==== Information shown ====

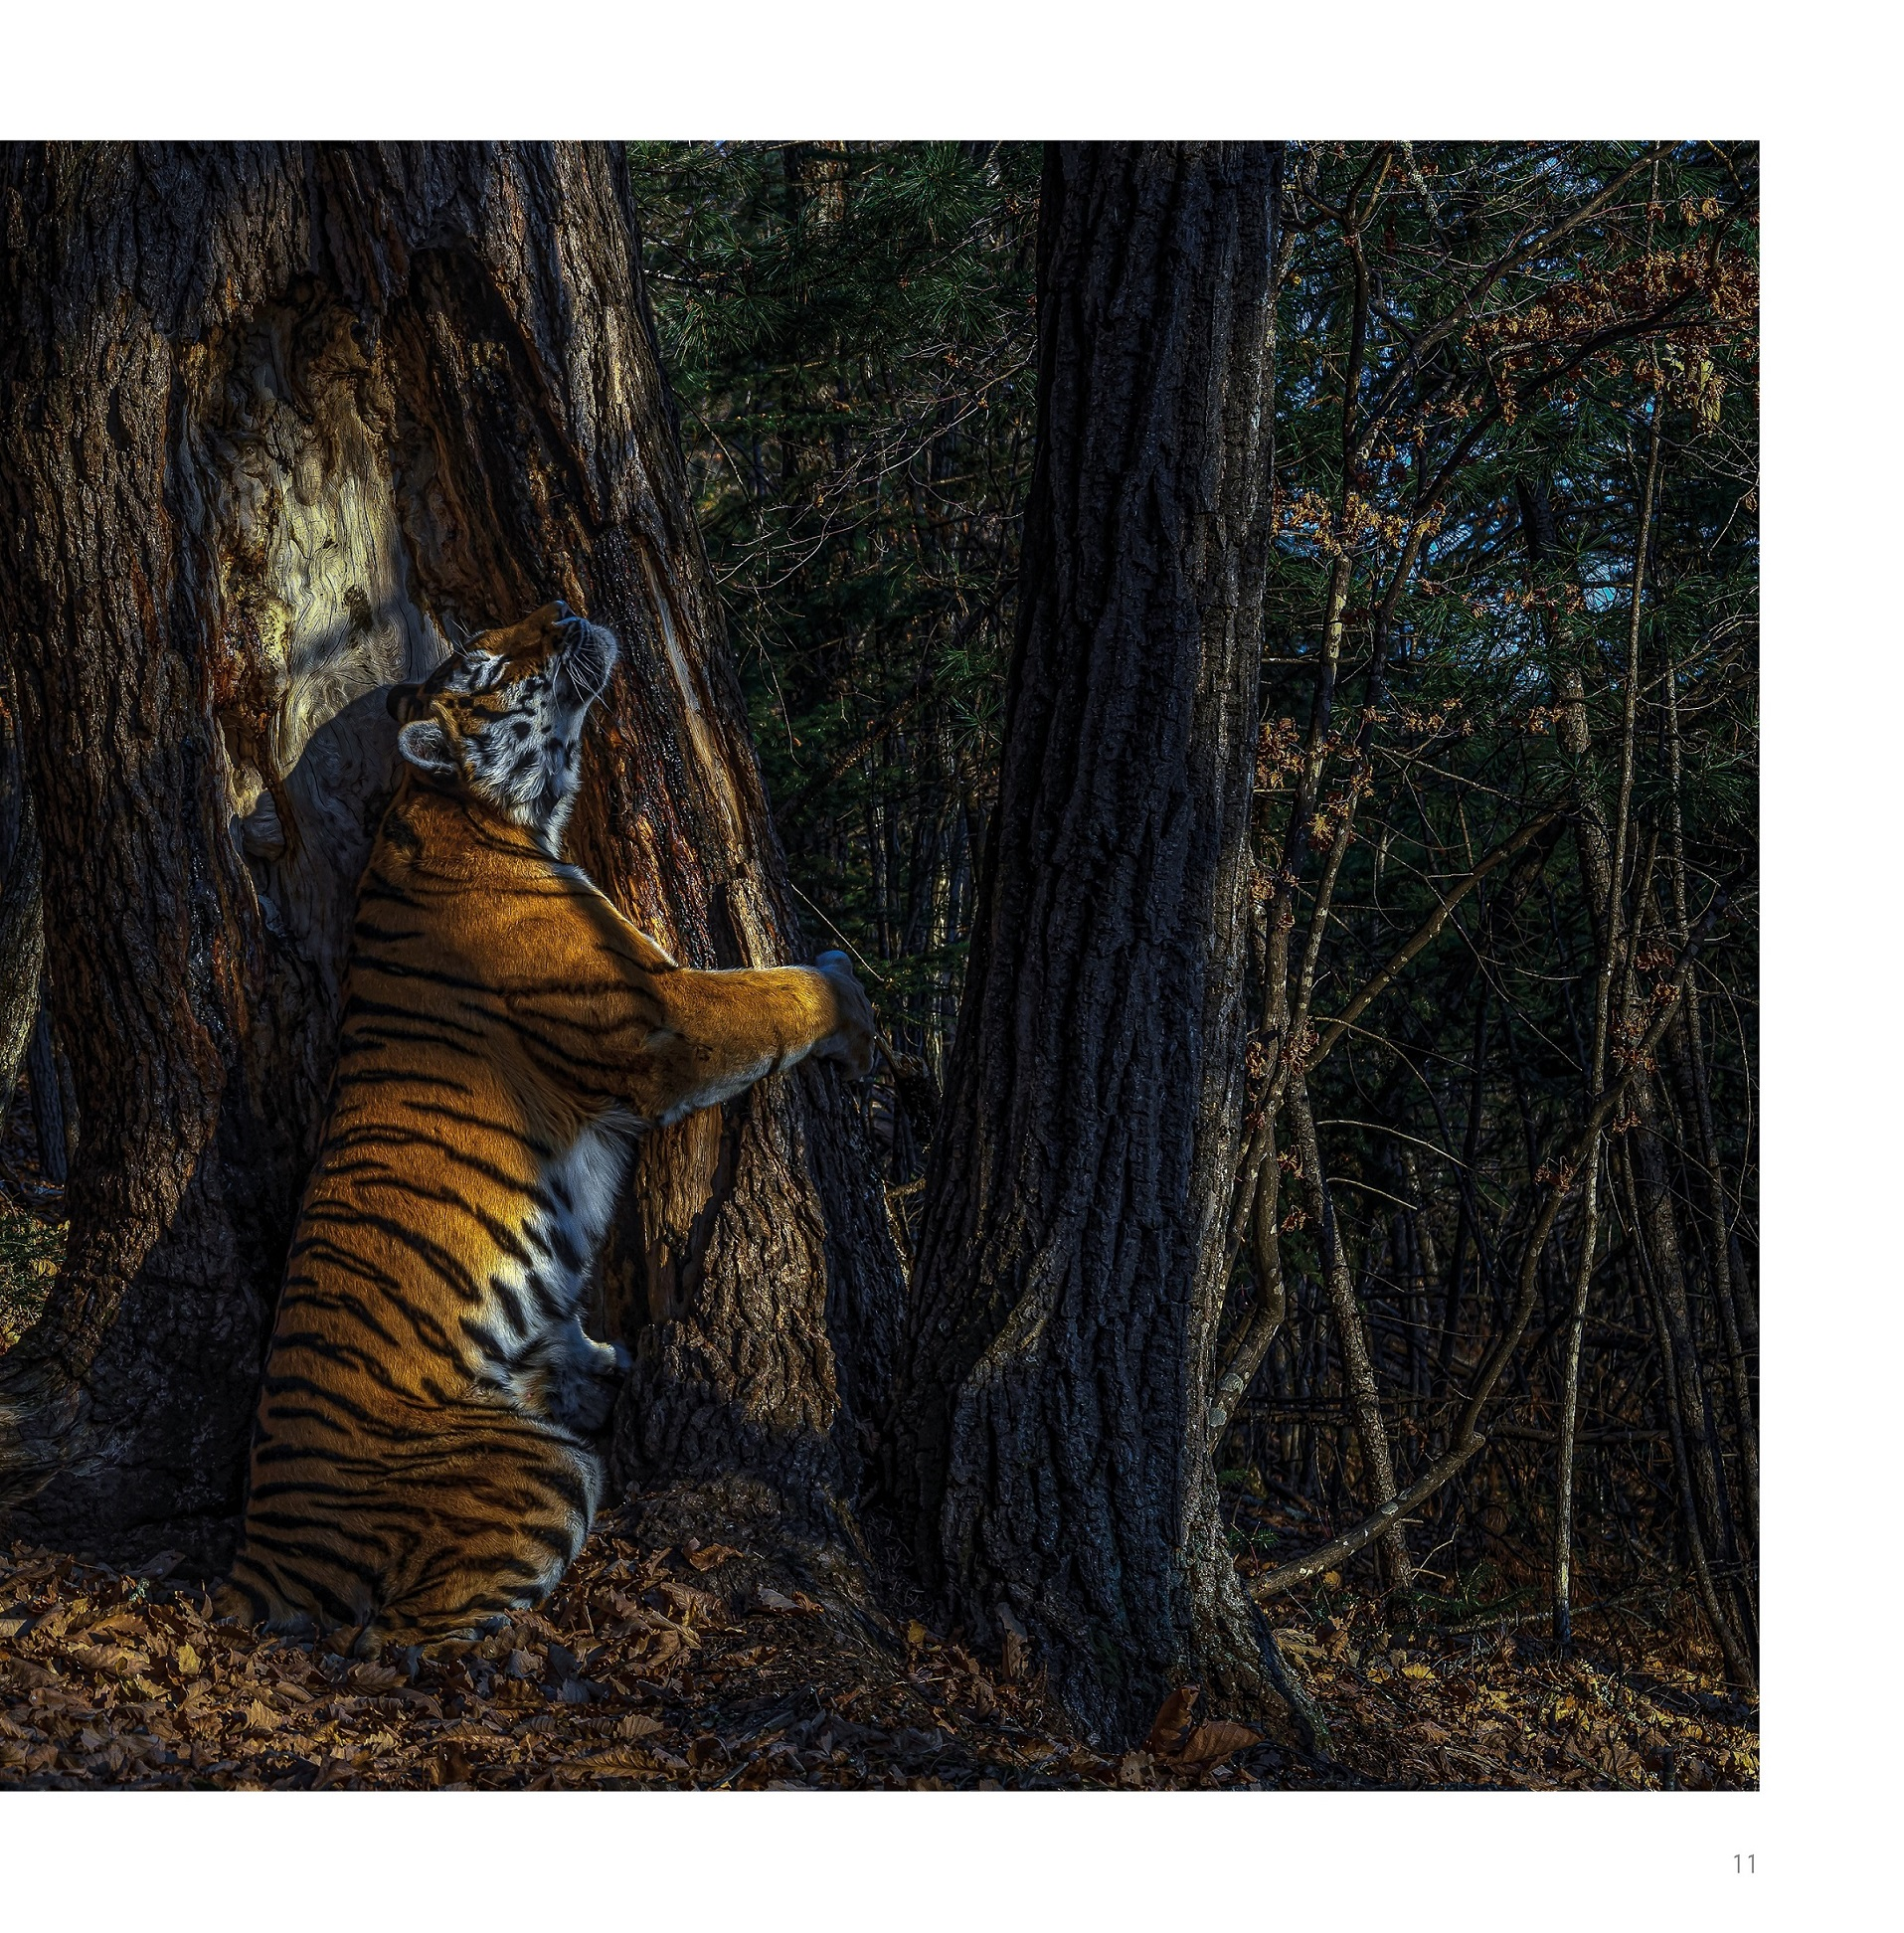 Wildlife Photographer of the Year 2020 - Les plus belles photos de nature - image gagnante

====
==== Information shown ====

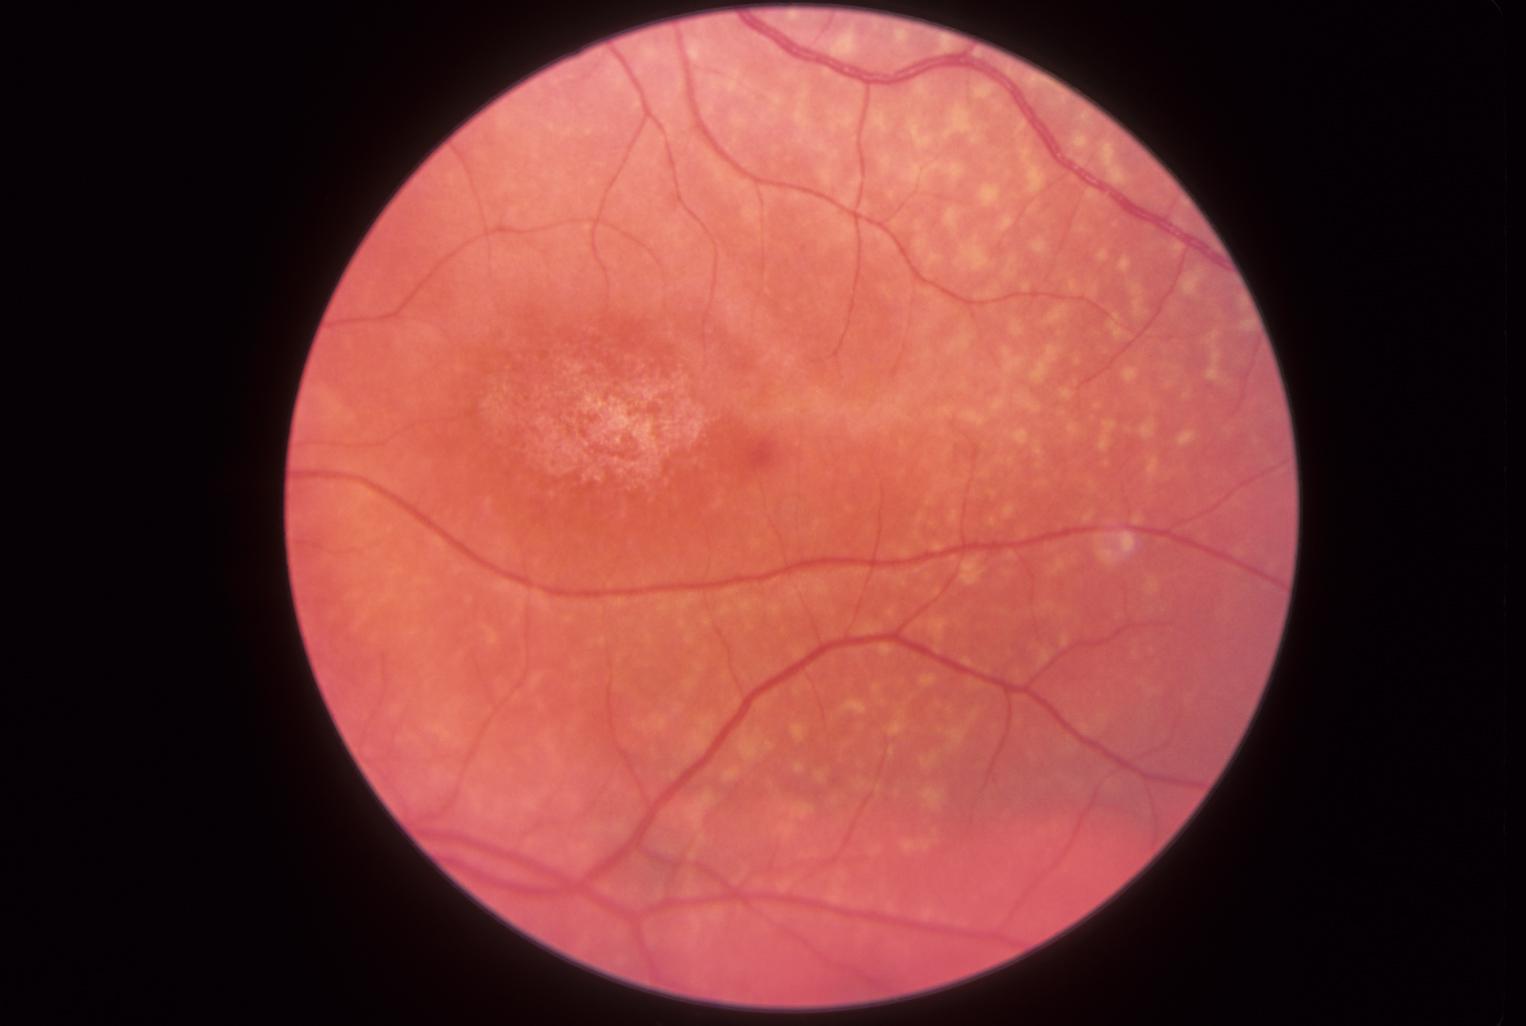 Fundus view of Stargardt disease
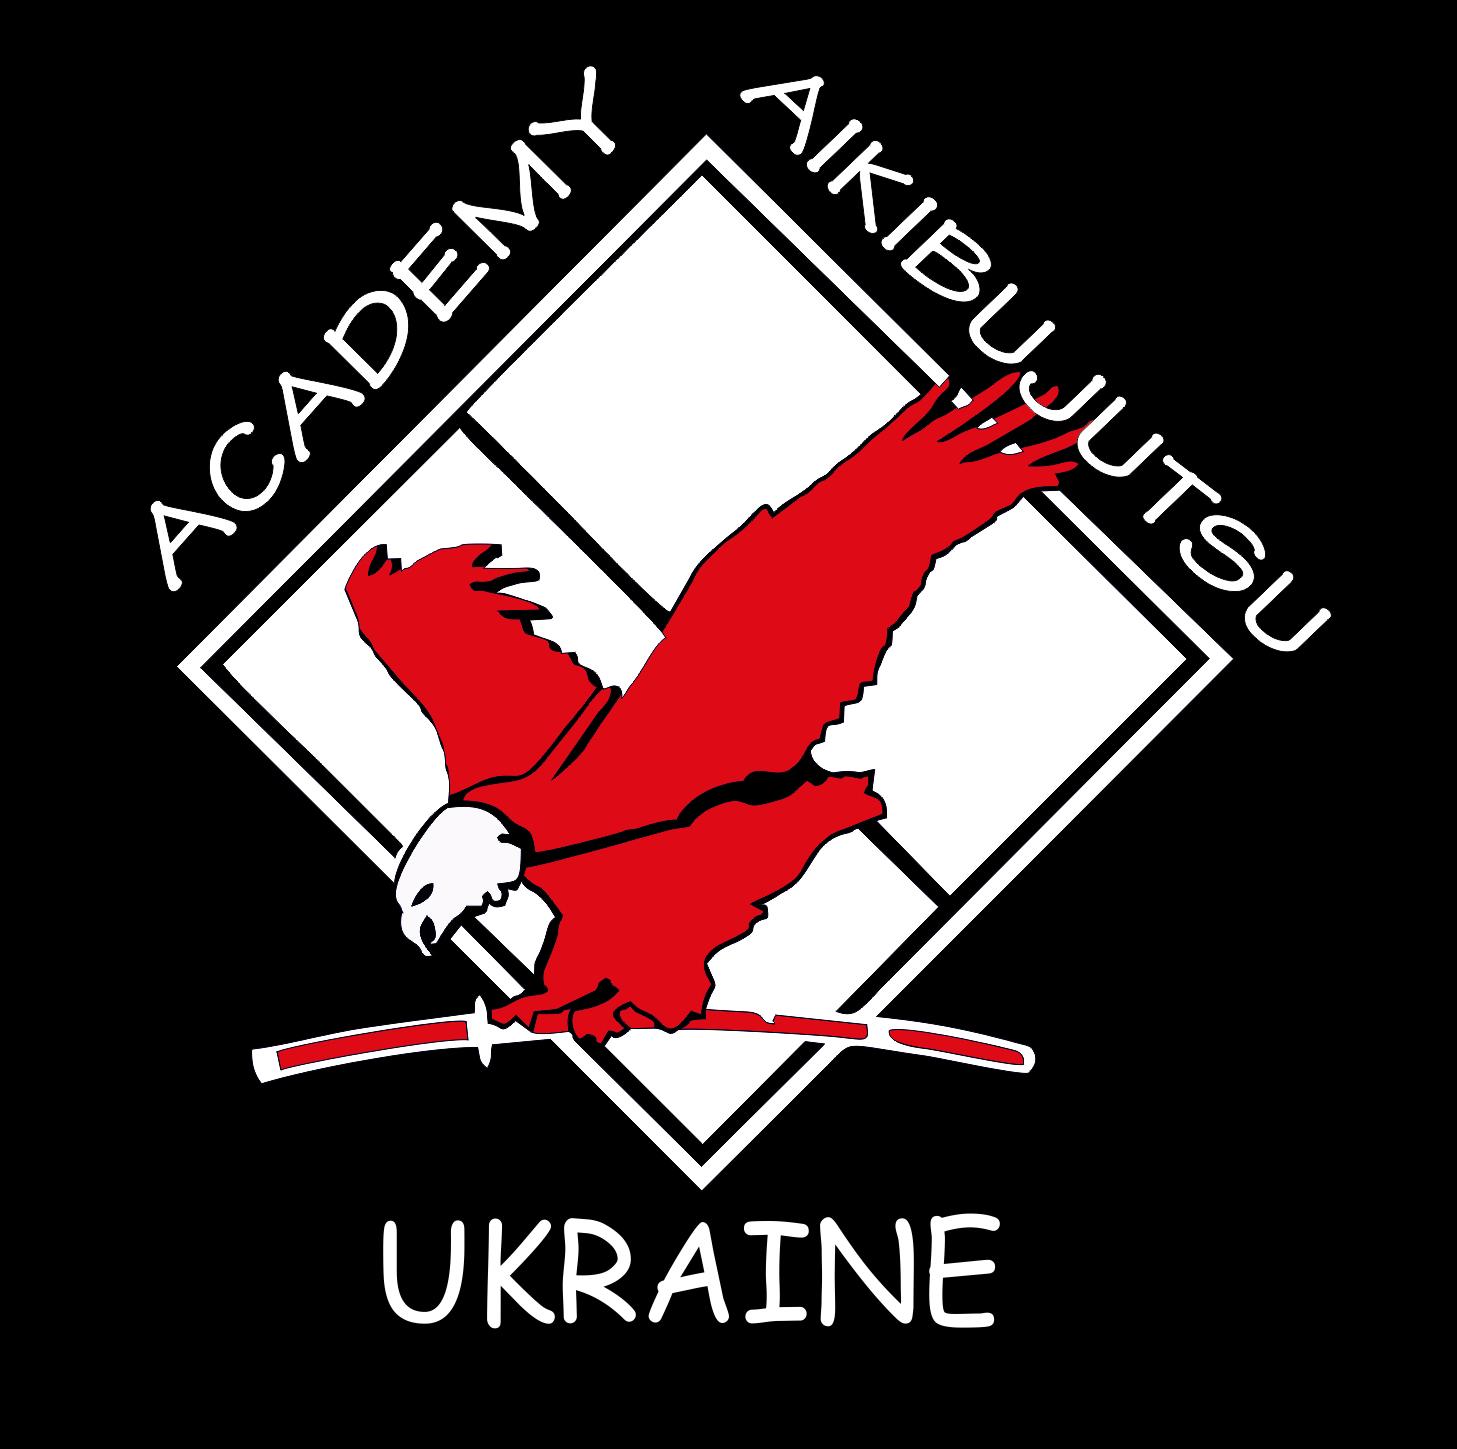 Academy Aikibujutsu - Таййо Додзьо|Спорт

====

» **Task directions**
In the listing above, find the line with "Fundus view of Stargardt disease" and the line with "Academy Aikibujutsu - Таййо Додзьо|Спорт". Set down exactly those lines and everything between them, skipping pictures.

» **Result below**
 Fundus view of Stargardt disease
 Academy Aikibujutsu - Таййо Додзьо|Спорт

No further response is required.